Jakarta, Kabar Selebes — Kasus pelecehan dan seksual tengah menjadi topik pembahasan yang hangat di tengah masyarakat dalam beberapa pekan terakhir. Situasi ini terjadi setelah sejumlah korban kekerasan seksual atau pihak yang mengklaim mengetahui peristiwa yang terjadi buka suara ke publik lewat berbagai platform media sosial.
Komisioner Komisi Perlindungan Anak Indonesia (KPAI) Ai Maryati Solihah menilai bahwa berbagai kasus dugaan pelecehan serta kekerasan seksual ini membuat Rancangan Undang-undang Penghapusan Kekerasan Seksual (RUU PKS) jadi mengandung urgensi untuk dibahas.

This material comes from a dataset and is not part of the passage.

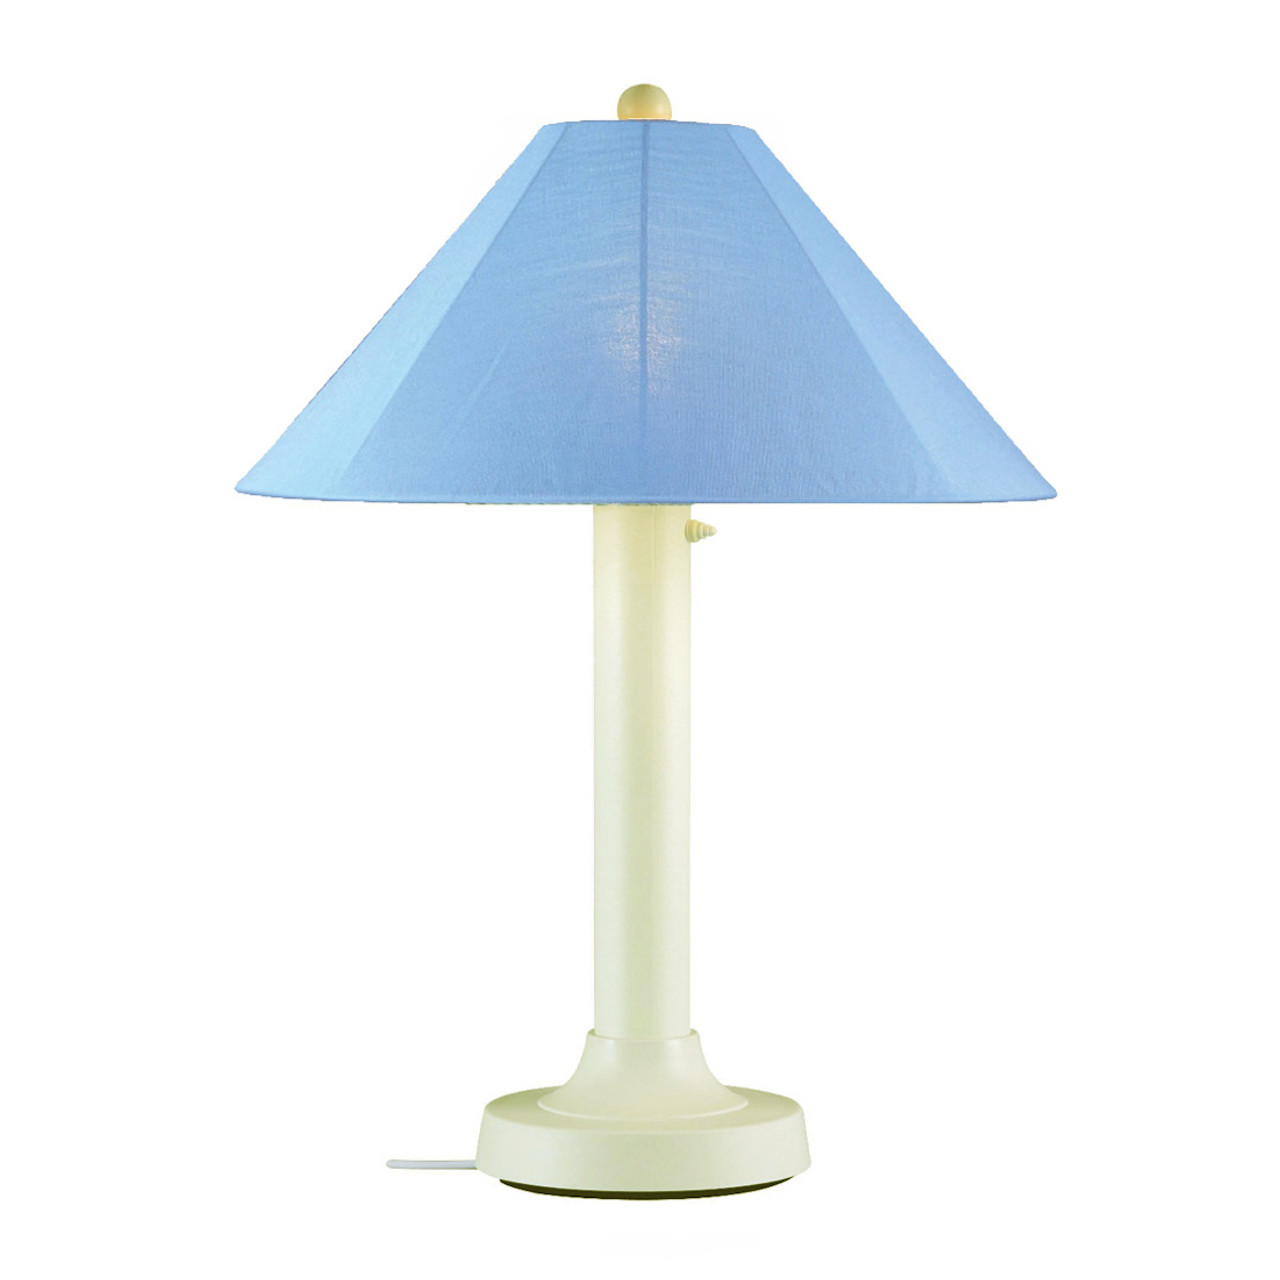 Patio Living Concepts 39-644 Catalina Table Lamp 39644 with 3" bisque body and sky blue Sunbrella shade fabric

Menurutnya, situasi rumit dalam masalah seksualitas di Indonesia harus menjadi fokus utama untuk diselesaikan. Dia pun berkata bahwa kekerasan seksual berbeda dengan kekerasan fisik.
Beberapa kasus di antaranya mendapatkan perhatian besar publik seperti yang diduga dilakukan oleh oknum mahasiswa Universitas Airlangga bernama Gilang, seorang dosen perguruan tinggi di Yogyakarta berinisial BA, video blogger (vlogger) Turah Parthayana, hingga dugaan kekerasaan seksual yang terjadi di kelompok Serikat Pekerja Media dan Industri Kreatif untuk Demokrasi (Sindikasi).

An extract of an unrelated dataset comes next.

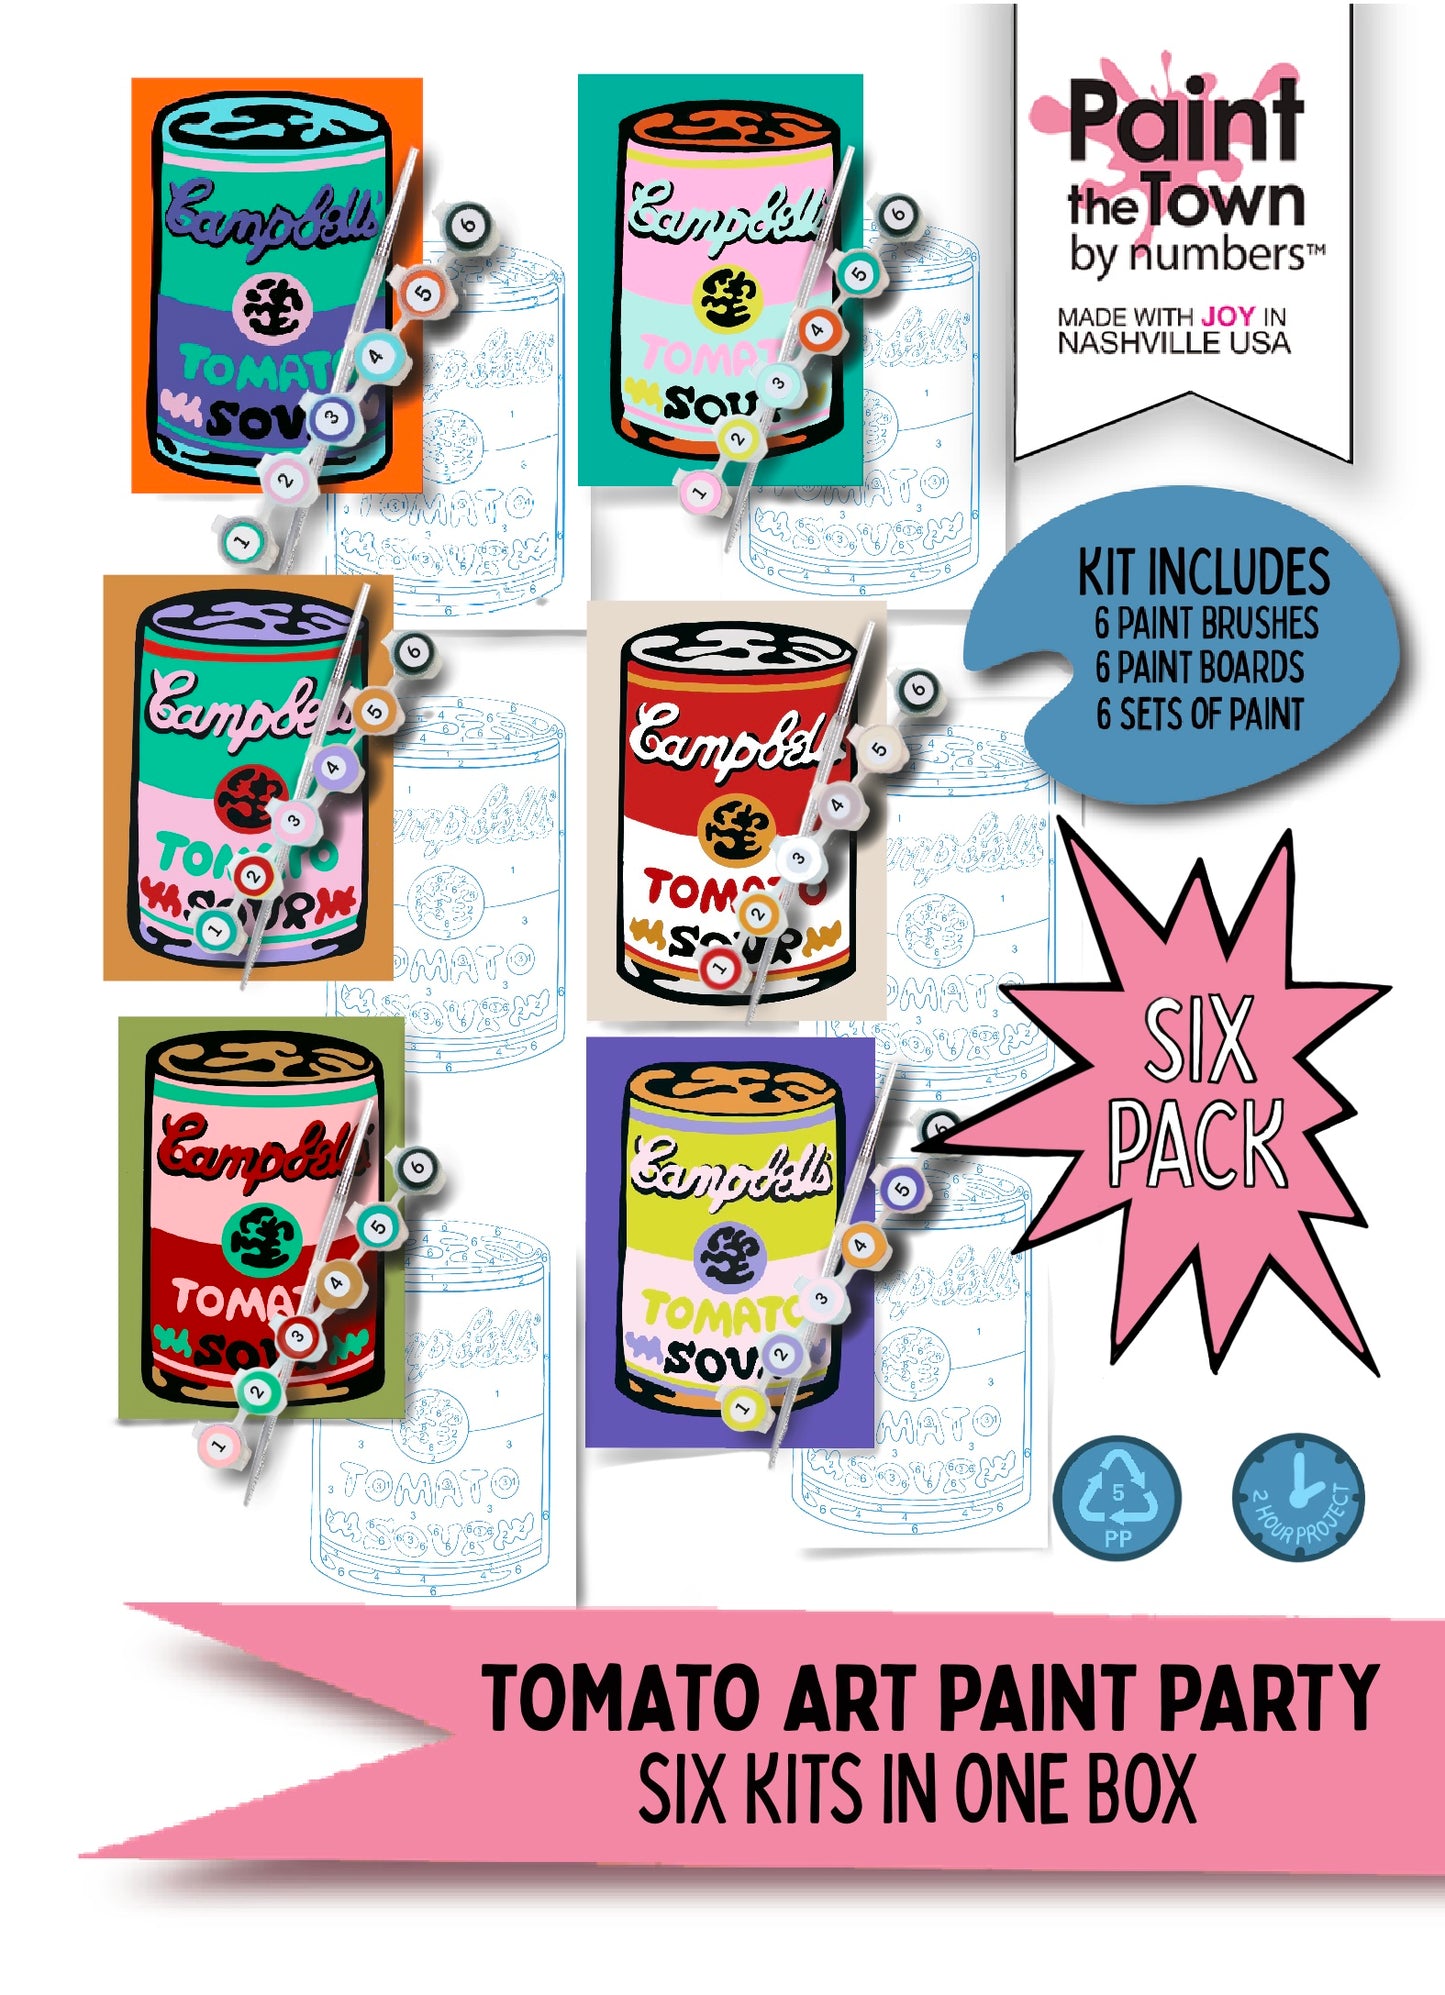 Tomato Soup Can ‘Six Pack’ Paint by Number Kit; Same 5”x7” Design on Six Paint Boards with Six Different Color Combinations and Six Paint Brushes

“Situasi rumit dalam seksual di Indonesia harus jadi fokus utama, Kekerasan seksual berbeda dengan kekerasan fisik. Kekerasan fisik pun kalau masuk di ranah seksual itu harus betul-betul diidentifikasi rinci,” kata Maryati saat berbincang dengan CNNIndonesia.com, Jumat (7/8).
Dia menyampaikan, seorang akademisi dari Universitas Gadjah Mada (UGM) memberikan analisis beberapa waktu lalu bahwa RUU PKS telah komprehensif pada dua aspek yakni terkait perkosaan serta aborsi.
Menurutnya, sebanyak tujuh aspek lagi masih perlu didorong agar RUU PKS menjadi komprehensif. Maryati pun berkata, masyarakat harus mendapatkan edukasi yang tepat agar terhindar dari ‘kampanye hitam’ seputar RUU PKS.
Dia menegaskan, RUU PKS lahir dari kondisi masyarakat yang menghadapi berbagai kejahatan seksualitas yang luar biasa. Menurutnya, berbagai kekhawatiran yang muncul terhadap RUU PKS tidak sesuai dengan fakta-fakta seputar kejahatan seksual.
“Kita harus bisa beri edukasi di masyarakat karena black campaign terhadap RUU PKS yang harus kita kikis, karena kalau kita lihat ada ruang kekhawatiran yang berlebihan yang harus direspons sehingga menjadi polemik yang kontraproduktif dengan tujuan,” tuturnya.
Maryati mencontohkan, kekosongan hukum terkait kekerasan seksual membuat korban pemerkosaan dengan jari atau benda tumpul sulit untuk dibuktikan. Menurutnya, hal itu mengakibatkan banyak kasus pemerkosaan yang tidak tuntas saat diseret ke ranah pidana.
Selain itu, lanjutnya, RUU PKS juga penting untuk menjamin anak-anak yang menjadi korban kekerasan seksual mendapatkan advokasi atau pendampingan yang memadai saat melaporkan kasusnya. Tak sedikit masyarakat takut untuk melaporkan kasusnya ke polisi atau orang lain.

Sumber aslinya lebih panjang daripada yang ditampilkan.